1.
Suicídio. Poucos assuntos exigem tanta delicadeza para se escrever quanto este. Talvez, em parte, porque o assunto permanece com certo estatuto de tabu, mas em parte, também, porque nos coloca em contato com o sofrimento humano num limite tão extremo que pode ser mais fácil não ver, não falar e não se permitir nem mesmo pensar sobre, com o receio de que, falando abertamente sobre o assunto, possamos “plantar ideias”, ou, para o nosso desconcerto, não saber o que dizer ou fazer.
De um ponto de vista psicanalítico, falar sobre o tema com alguém que tem tido ideações suicidas é mais recomendado que silenciar o assunto, e, é claro, há modos e modos de se fazer isso. Nesse sentido, é importante validar a experiência do sujeito, evitando os juízos morais, os preconceitos (como o de que o suicida “só quer chamar atenção”), ou os bem intencionados (porém surdos) apelos para que melhore logo “pois tudo ficará bem”. Ao invés disso, o que se pode oferecer é uma escuta solidária, que permita ao outro compreender seus sentimentos e a sentir-se menos isolado. Pode parecer pouco, mas mesmo para isso é preciso coragem!
Na clínica psicanalítica lacaniana, trabalha-se com três tempos: tempo de ver, de compreender e de concluir. É na dilatação do tempo de compreender que, frequentemente, um sujeito pode elaborar melhor o seu sofrimento e escolher um destino melhor para si mesmo que o auto-extermínio. Quanto a isso, é curioso que um dos fatores mais criticados da psicanálise, o fato de uma análise ser muito longa, é justamente o que oferece mais chances para o analisante, evitando que ele passe muito depressa do momento de ver (por que está sofrendo) para o de concluir (que o melhor seria morrer).

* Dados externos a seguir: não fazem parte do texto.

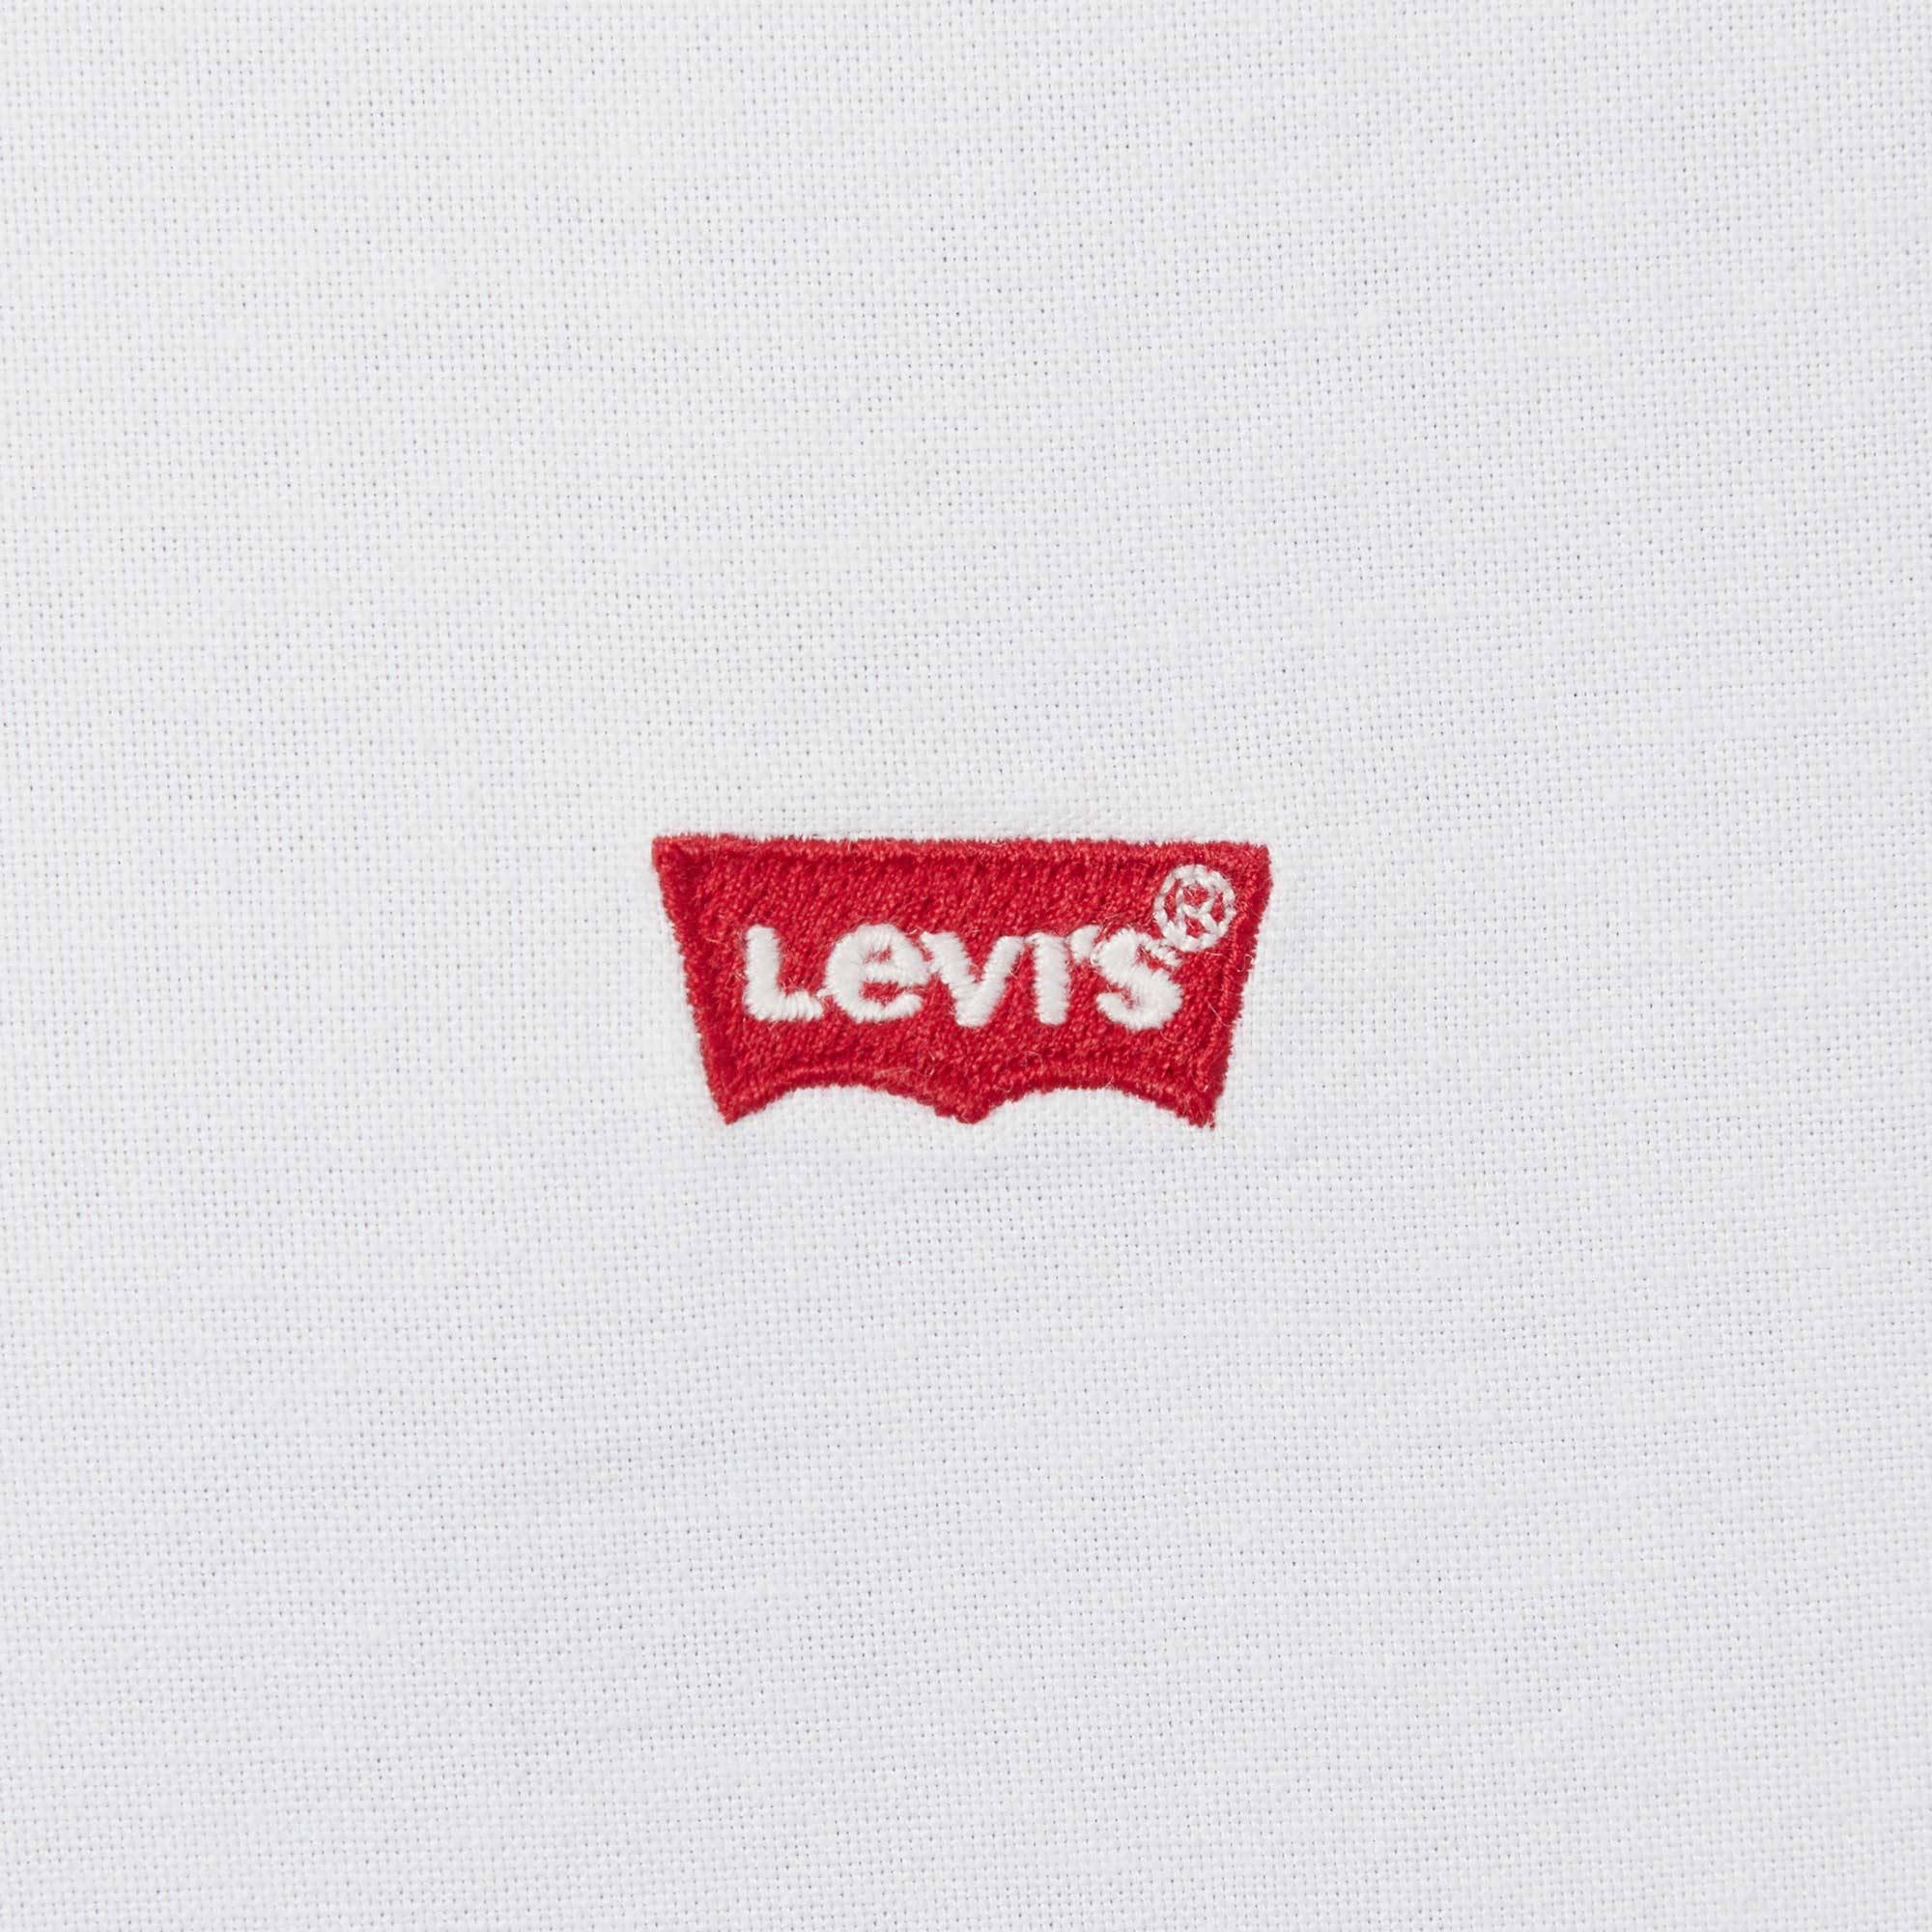 Ls White Housemark Housemark Ls White Levi's White Levi's Housemark Levi's Ls qwR1vCE

Na prática, a ambição não precisa ser tão grande: trata-se apenas de adiar a morte, até que se possa encontrar e inventar as razões pelas quais ainda valha a pena viver. O que não tem nada de óbvio.
2.
A adolescência é um período marcado por fortes mudanças, desde o afrouxamento do vínculo com os pais e o luto da infância ao desafio de produzir uma identidade mais compatível com os anseios do jovem em transformação, que podem torná-lo mais suscetível ao comportamento suicida. Além dessas mudanças esperadas e, num certo sentido, desejáveis – mas difíceis –, há outros determinantes no aumento do comportamento de risco, como abusos, disfuncionalidade na dinâmica familiar, bullying, luto, histórico familiar de suicídio e dificuldades de relacionamento.
Além disso, hoje também não se pode desprezar o peso dos ambientes virtuais: é expressivo que o índice de suicídios de garotas adolescentes tenha crescido 65% entre 2010 e 2015, relacionado ao aumento do tempo gasto nos dispositivos digitais, os quais, embora possam ser de muito proveito, estão relacionados a uma amplificação da comparação com os outros, do “fomo” (fear of missing out), da sensação de solidão e da lógica do curto prazo, acentuando a angústia. Esta, por sua vez, se torna ainda mais intratável quando há certa fragilidade por parte do jovem em produzir narrativas a respeito de si mesmo, de modo que o ato prevalece no lugar da fala, tornando-o mais vulnerável, com ou sem intenção deliberada.
Ainda assim, é importante considerar que “a conduta de risco do adolescente é mais uma tentativa de existir do que de morrer”, nos termos de Nassau.* Por isso é tão fundamental olhar com cuidado o caso a caso, e, quando possível, trabalhar no sentido de reforçar os fatores de proteção, que são, entre outros, segurança física e emocional, estabilidade familiar, boa rede de amigos, boas competências de relacionamento e experiências amorosas positivas. Pode não existir a fórmula para a felicidade nem a garantia de que seguindo uma receita dê para estar fora de risco – afinal, como diz Riobaldo, “viver é muito perigoso” –, mas dá pra tentar fazer da existência um fardo menos pesado de se carregar.
Reflexões inspiradas pelas aulas da professora Carolina Nassau, no curso “O suicídio para a psicanálise e suas implicações no manejo clínico com adolescentes” – PSILACS, fevereiro de 2022.